Index-BitTableFI: An improved algorithm for mining frequent itemsets

  • Authors:
  • Wei Song;Bingru Yang;Zhangyan Xu

  • Affiliations:
  • College of Information Engineering, North China University of Technology, Beijing 100144, China;School of Information Engineering, University of Science and Technology, Beijing, Beijing 100083, China;Department of Computer, Guanxi Normal University, Guilin 541004, China

  • Venue:
  • Knowledge-Based Systems
  • Year:
  • 2008

Quantified Score

Hi-index 0.01

Visualization

Abstract

Efficient algorithms for mining frequent itemsets are crucial for mining association rules as well as for many other data mining tasks.

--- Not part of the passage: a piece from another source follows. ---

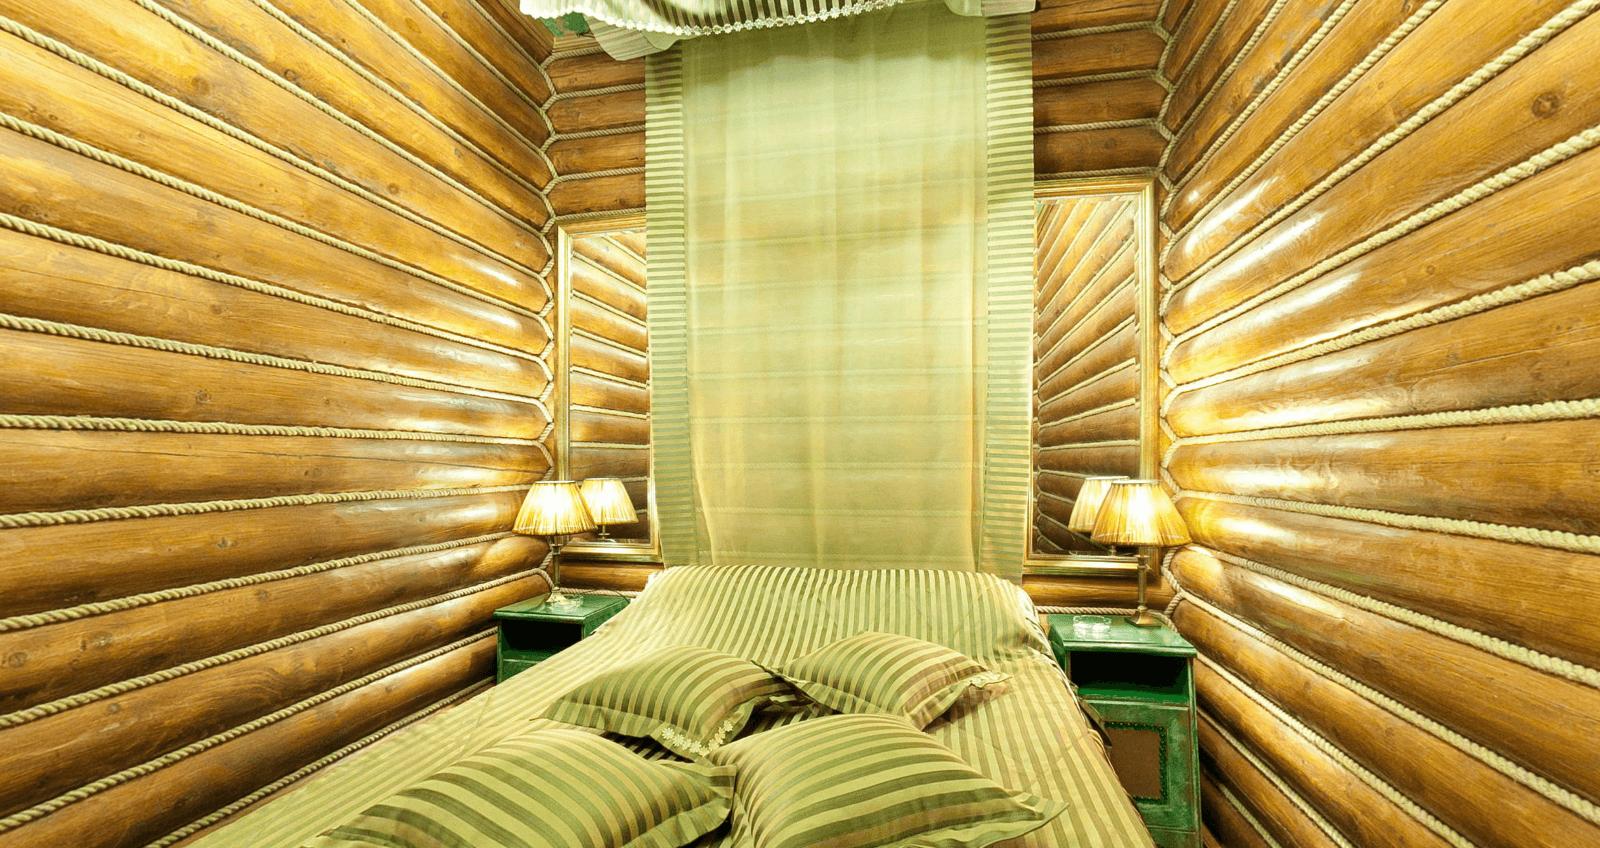 Баня 3 - лучшее место для отдыха в городе Геленджик
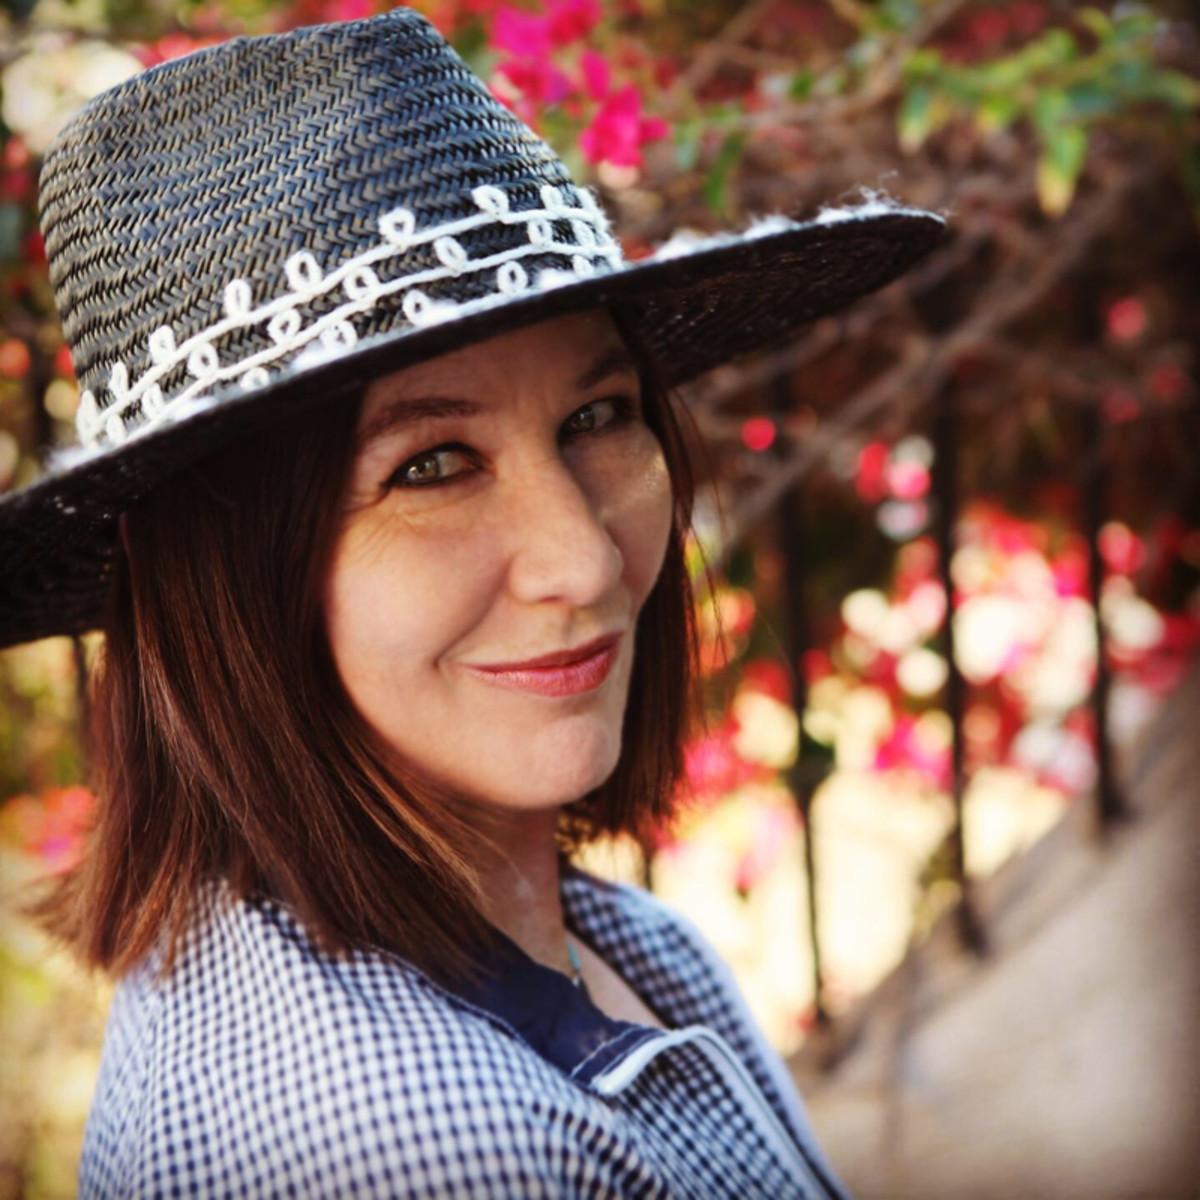 Kathy Valentine, publicity photo by Ruby Matheu.

Methods for mining frequent itemsets have been implemented using a BitTable structure. BitTableFI is such a recently proposed efficient BitTable-based algorithm, which exploits BitTable both horizontally and vertically. Although making use of efficient bit wise operations, BitTableFI still may suffer from the high cost of candidate generation and test. To address this problem, a new algorithm Index-BitTableFI is proposed. Index-BitTableFI also uses BitTable horizontally and vertically. To make use of BitTable horizontally, index array and the corresponding computing method are proposed. By computing the subsume index, those itemsets that co-occurrence with representative item can be identified quickly by using breadth-first search at one time. Then, for the resulting itemsets generated through the index array, depth-first search strategy is used to generate all other frequent itemsets. Thus, the hybrid search is implemented, and the search space is reduced greatly. The advantages of the proposed methods are as follows. On the one hand, the redundant operations on intersection of tidsets and frequency-checking can be avoided greatly; On the other hand, it is proved that frequent itemsets, including representative item and having the same supports as representative item, can be identified directly by connecting the representative item with all the combinations of items in its subsume index. Thus, the cost for processing this kind of itemsets is lowered, and the efficiency is improved. Experimental results show that the proposed algorithm is efficient especially for dense datasets.